HomeOpinionGenetic data definitively refutes Easter Island ecocide theory

Genetic data definitively refutes Easter Island ecocide theory


“In just a few centuries, the people of Easter Island saw their forests destroyed, their plants and animals wiped out, and their complex society descended into chaos and cannibalism.” That’s what Jared Diamond wrote in his best-selling book Collapse It was published in 2005. Nearly two decades later, an international team of geneticists found evidence that this famous cautionary tale never happened.


As new discoveries show, the real story of Rapa Nui (called Easter Island by colonial Europeans) is not its own population decline, but its cultural resilience. It seems clear that the ancient inhabitants of Rapa Nui in the 1600s were not completely isolated on their island, and did not overexploit its resources to the point of “ecocide.”

Instead, ancient genetic evidence suggests that the island was once home to a small population of 1,500 to 3,000 people who interbred with populations of Polynesian and Native American ancestry long before Europeans reached either region.

Genetic analysis suggests that the Rapanui civilization actually thrived until the 1860s, when epidemics caused by slave raids in Peru and subsequent European colonial activity reduced the island’s population to about 110 people.

Today, more than 1,500 people living on Rapa Nui consider themselves Indigenous Rapanui.

“These results do not support a significant population decline after the initial settlement on Rapa Nui until the 1800s,” concluded the authors of the study, led by geneticists from the University of Copenhagen in Denmark and the University of Lausanne in Switzerland.

A wealth of archaeological and anthropological data already contradicts the Rapa Nui ecocide theory, but this new study is the first to use ancient genomic data to refute the history.

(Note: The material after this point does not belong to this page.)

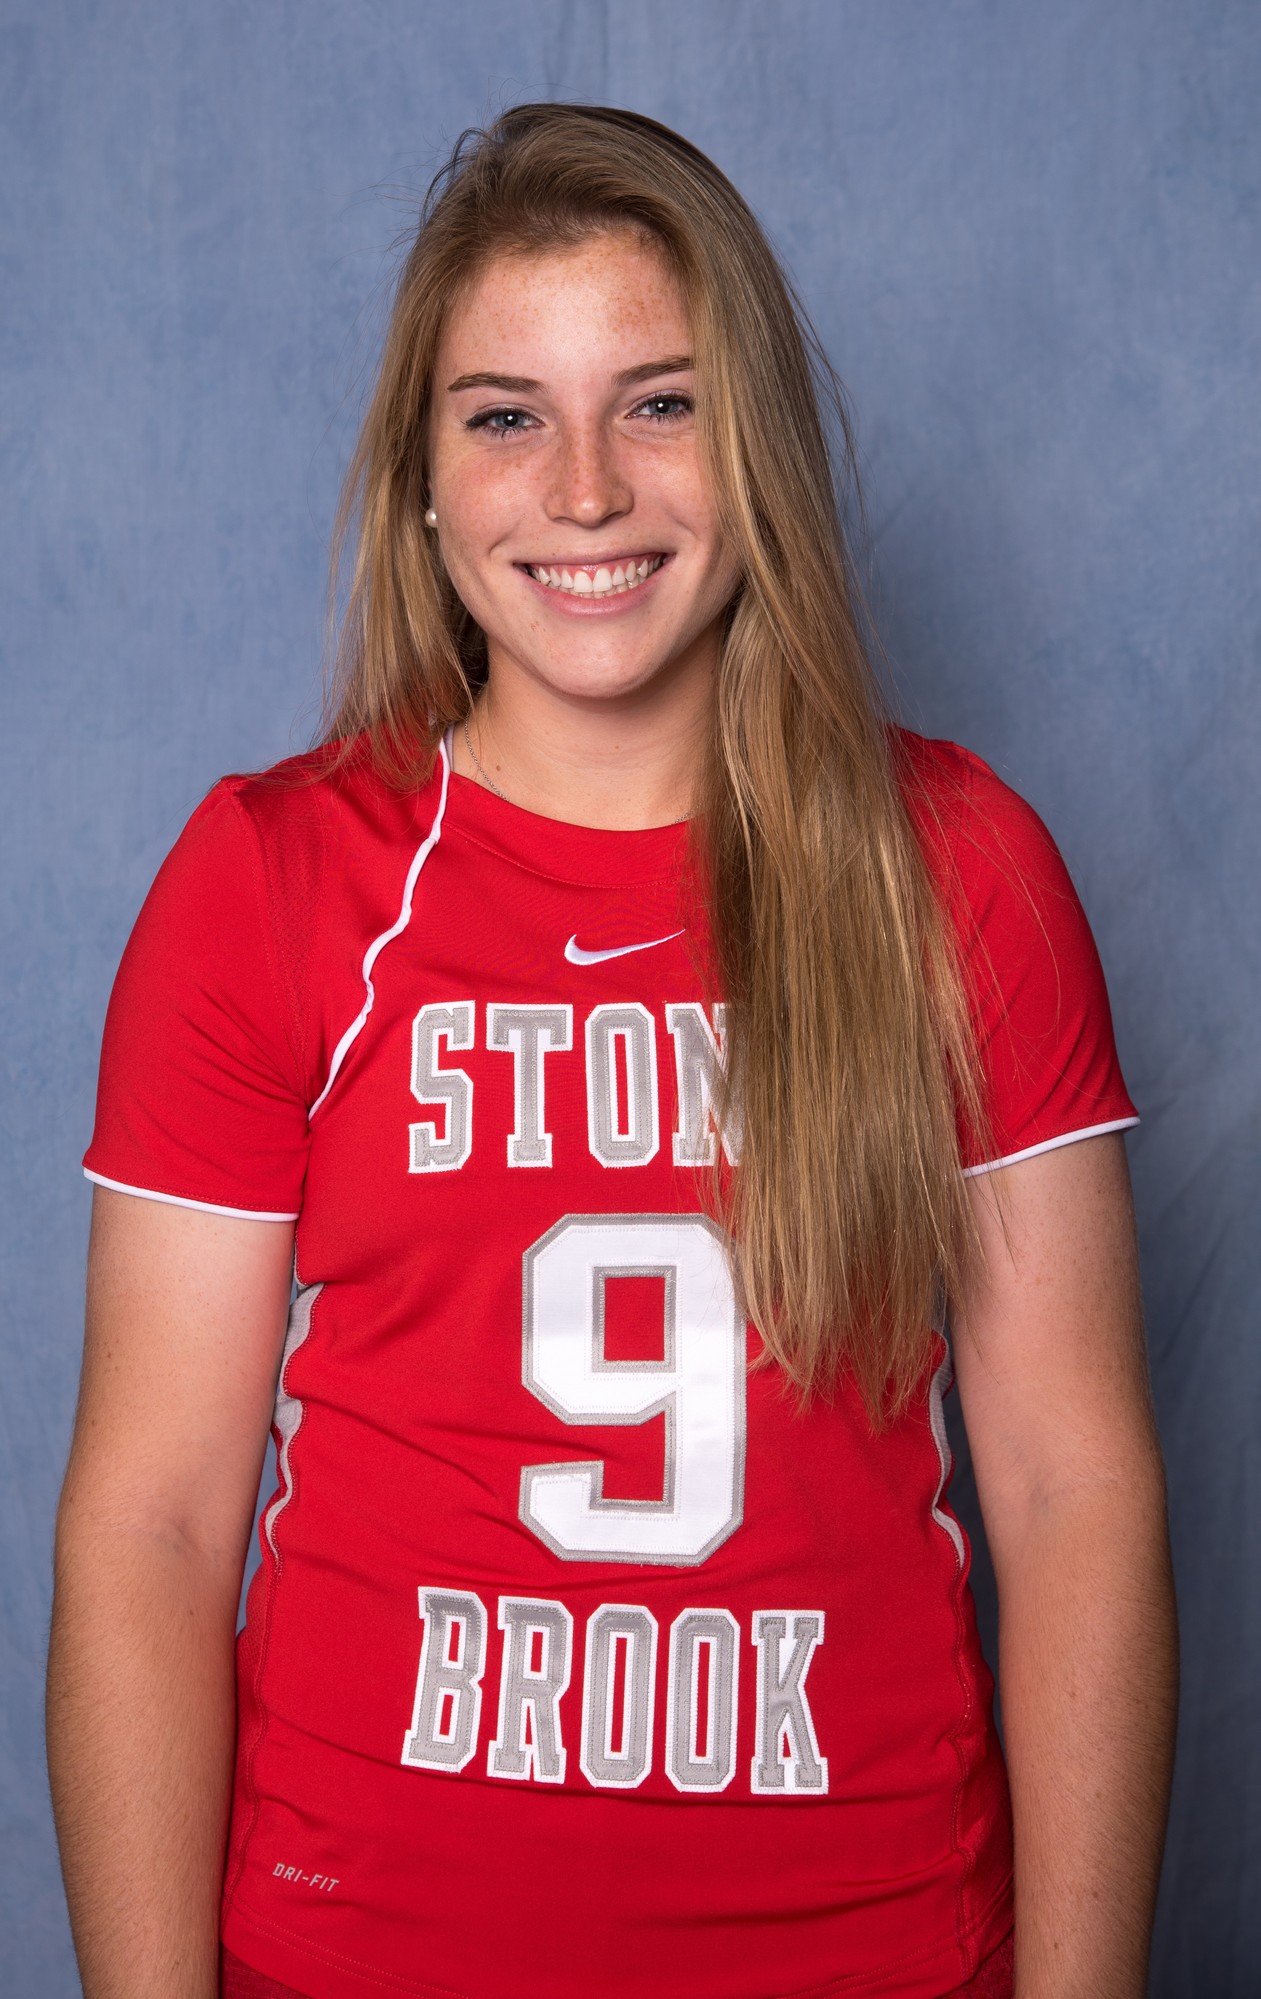 Emma Schait, a 2014 Seaford High School graduate, is playing lacrosse this year for the Stony Brook Seawolves.

The results are based on the remains of 15 ancient Rapa Nui people whose bones and teeth were excavated from the island by Europeans in the 19th and 20th centuries and preserved in several museums in Paris.

Following the museum’s strict guidelines, the researchers sequenced each individual’s genome, with support from the Commission for the Development of Rapa Nui (CODEIPA) and the Advisory Commission on National Monuments (CAMN). The team also held regular meetings with representatives of the Rapanui community. They hope their findings will inform the community’s efforts to bring their ancestors back to the island.

Based on a genomic analysis that reconstructed the Rapa Nui population over the last 100 generations, researchers say it is unlikely these people were born after contact with Europeans.

All 15 ancient Rapanui were found to be about 90 percent Polynesian. Their genes also contained about 10 percent Native American “mixture,” a hybridization that probably occurred between 1250 and 1430. Columbus did not reach the Americas until 1492, and European ancestry is found only in modern Rapanui, not ancient Rapanui.

The Rapanui and Polynesian populations today also contain a Native American component, which studies suggest was mixed into both gene pools between 1150 and 1495. This suggests that Polynesian sailors reached the Americas and Rapa Nui before Europeans. However, other studies of ancient Rapanui DNA have so far found no trace of Native American ancestry.

The lead authors of this latest study, geneticists J. Victor Moreno-Mayar, Anna-Sappo Malaspinas, and Barbara Sousa da Mota, told ScienceAlert that this is likely due to low data resolution and sampling errors. When the team reanalyzed ancient genomes from an earlier study, they found a Native American-like component in three of the five ancient Rapanui.

Meanwhile, another past study may have sequenced the genome of ancient Rapanui individuals. with This interbreeding occurred at or shortly after, before the evidence was incorporated into their genomes. The new findings “leave no doubt” that the ancient Rapanui interbred with Native Americans, evolutionary archaeogeneticists Stefan Schiffels and Kathryn Naegele write in an independent review of the study. Nature .

The question is how did the Rapanui come into contact with Native Americans, located in what Diamond once called “the most isolated inhabited area in the world,” some 1,800 km (1,100 mi) from the nearest inhabited island in Polynesia and 3,512 km (2,200 mi) from Chile in South America?

Experts have debated for years whether Pacific Islanders reached the Americas before Europeans. A 2020 genetic study found evidence of contact between Polynesians and Native American groups most closely related to the indigenous people of modern-day Colombia before the Rapa Nui settlement.

“While it is true that long-distance sea travel has declined over time, we know that Polynesians were truly skilled sailors who managed to reach every Polynesian island within 1,000 to 2,000 years,” Moreno-Mayar, Malaspinas and Mota explained to ScienceAlert.

“We think our results are likely to reach the Americas, as the sea was a path for them, not a barrier. So the evidence suggests that Rapa Nui was not that isolated, despite having thousands of people at one point separated by miles.” [його]other islands and America”. The study was published in: Nature.